Do you have any evidence about the alleged racist statements made by Catt?
Catt often avoided discussions about race in her fight for women’s suffrage. However, she argued for all women to have the right to vote. The quotation on white supremacy that has been cited as evidence of Catt’s racism is from a book chapter written by Catt in 1917. In the chapter, Catt makes an argument for women’s suffrage and responds to opposing arguments, including that white supremacy would be undermined. She provides population statistics to disprove that claim, but in no way endorses white supremacy. In the same chapter she goes on to say that such objections are “ridiculous” and “all people” should have the right to vote. Although some have alleged in newspaper articles and opinion pieces that this quotation is from speeches Catt gave in the South in 1917, specifically Mississippi and South Carolina, no such speeches have been found and several sources documenting Catt’s travel between 1915 to 1920 show that she did not visit those states during this time.
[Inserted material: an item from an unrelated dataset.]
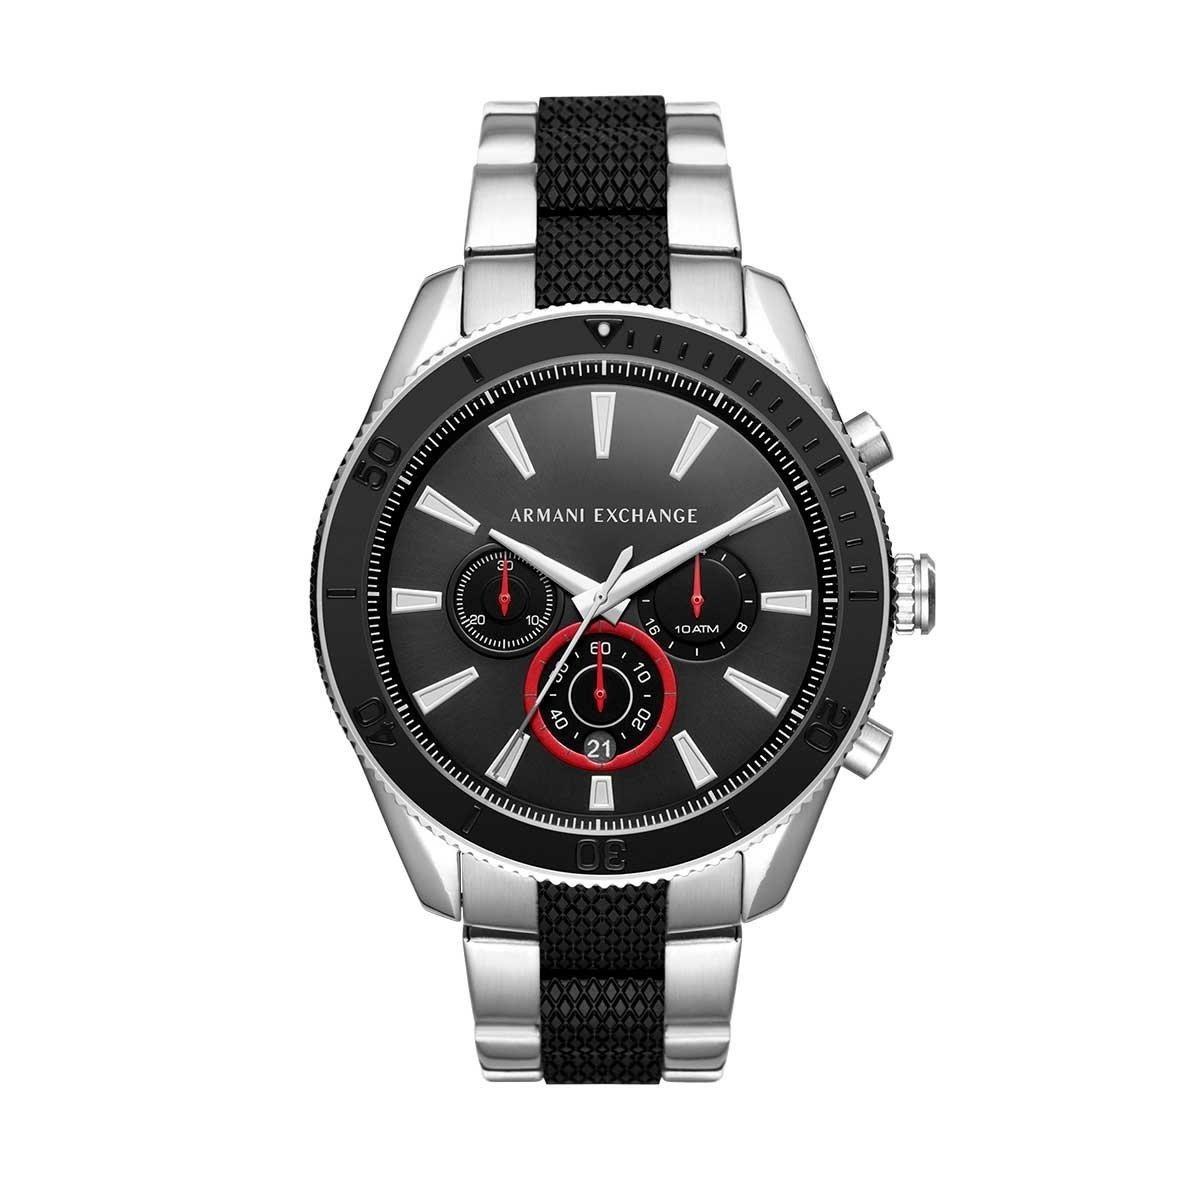 5c52a4951cd9 reloj armani exchange ax1813 platedo negro original p él. Cargando zoom.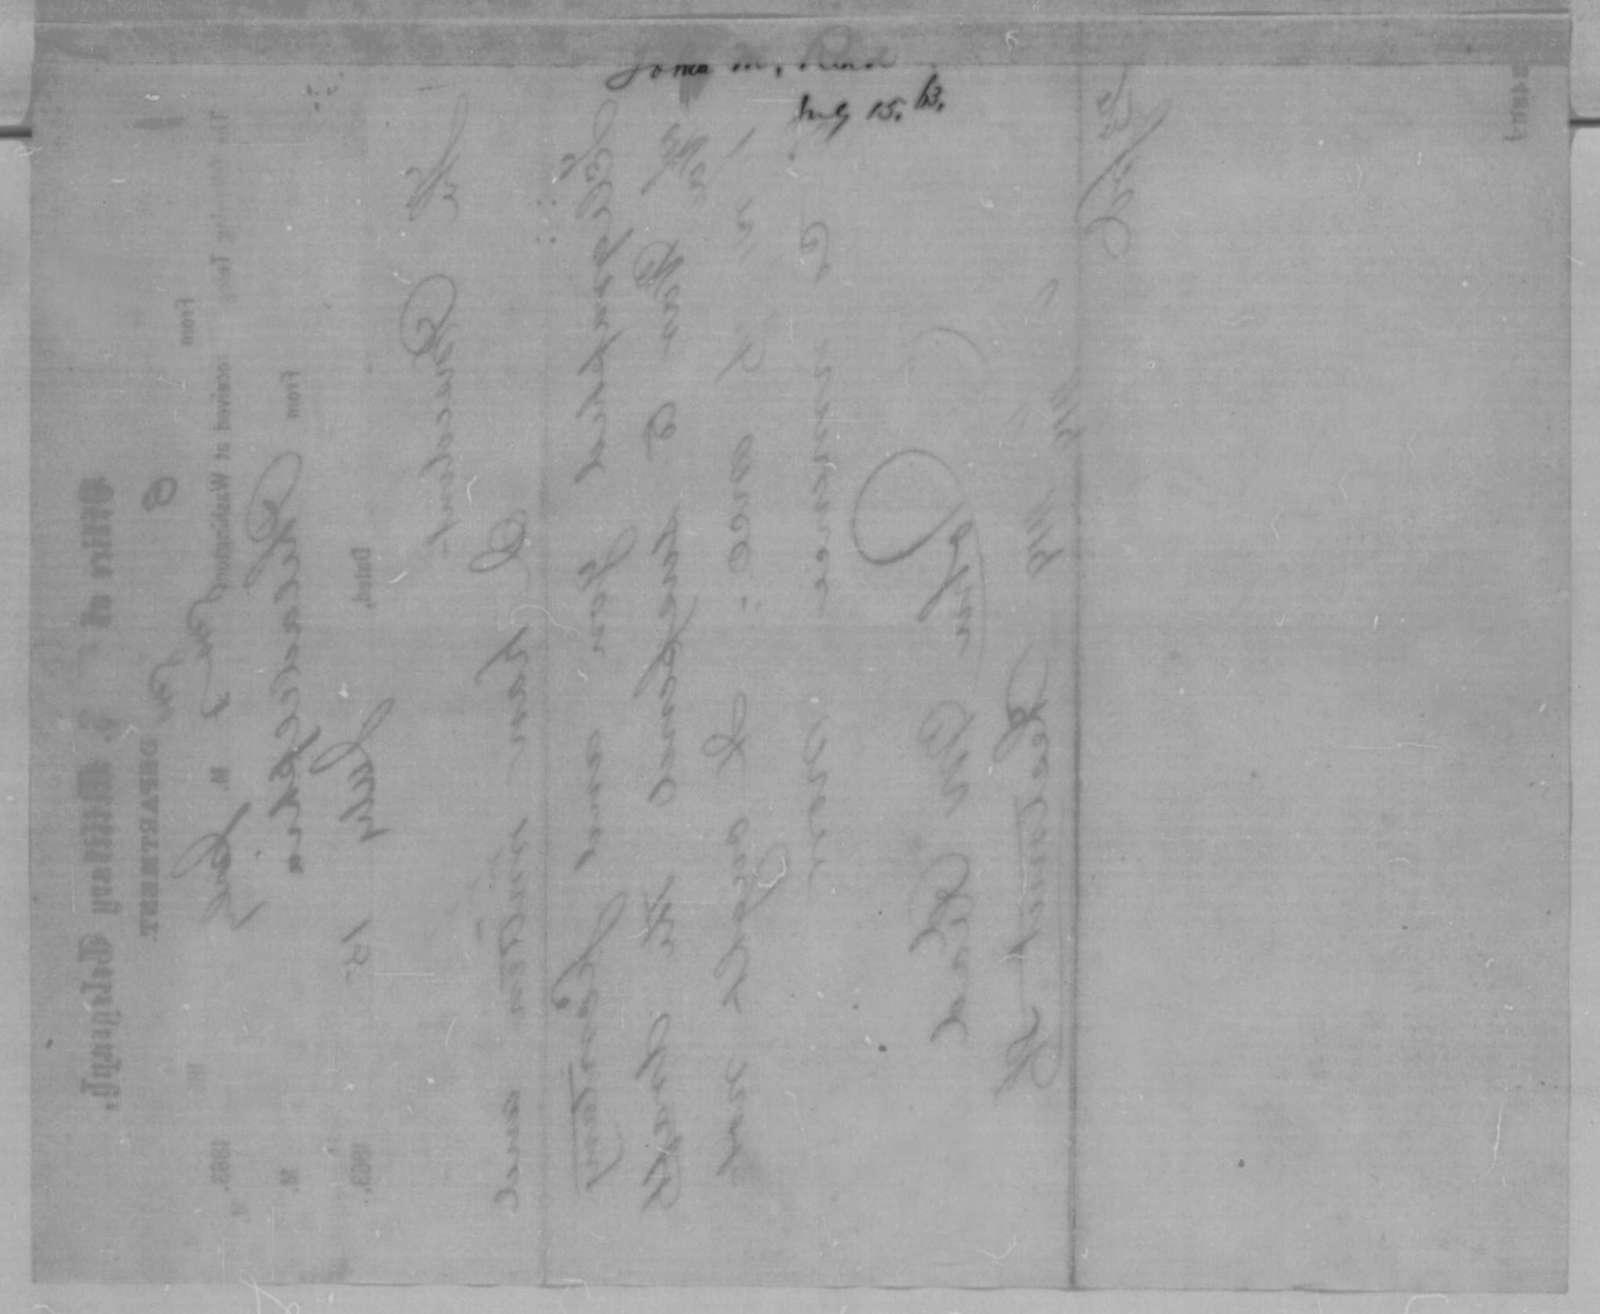 John M. Read to Abraham Lincoln, Wednesday, July 15, 1863  (Telegram recommending suspension of draft in Philadelphia)

Catt did not advocate for suffrage only for white women. There are many examples of this in her speeches and writings. In a 1917 article she wrote for The Crisis, the NAACP’s journal, she stated, “Just as the world war is no white man’s war, but every man’s war, so is the struggle for woman suffrage no white woman’s struggle, but every woman’s struggle” and “there will never be a true democracy until every responsible and law-abiding adult in it, without regard to race, sex, color or creed has his or her own inalienable and unpurchaseable voice in the government.”
We encourage everyone to read Catt’s speeches and writings, many available here, and draw your own conclusions based on Catt’s own words in context.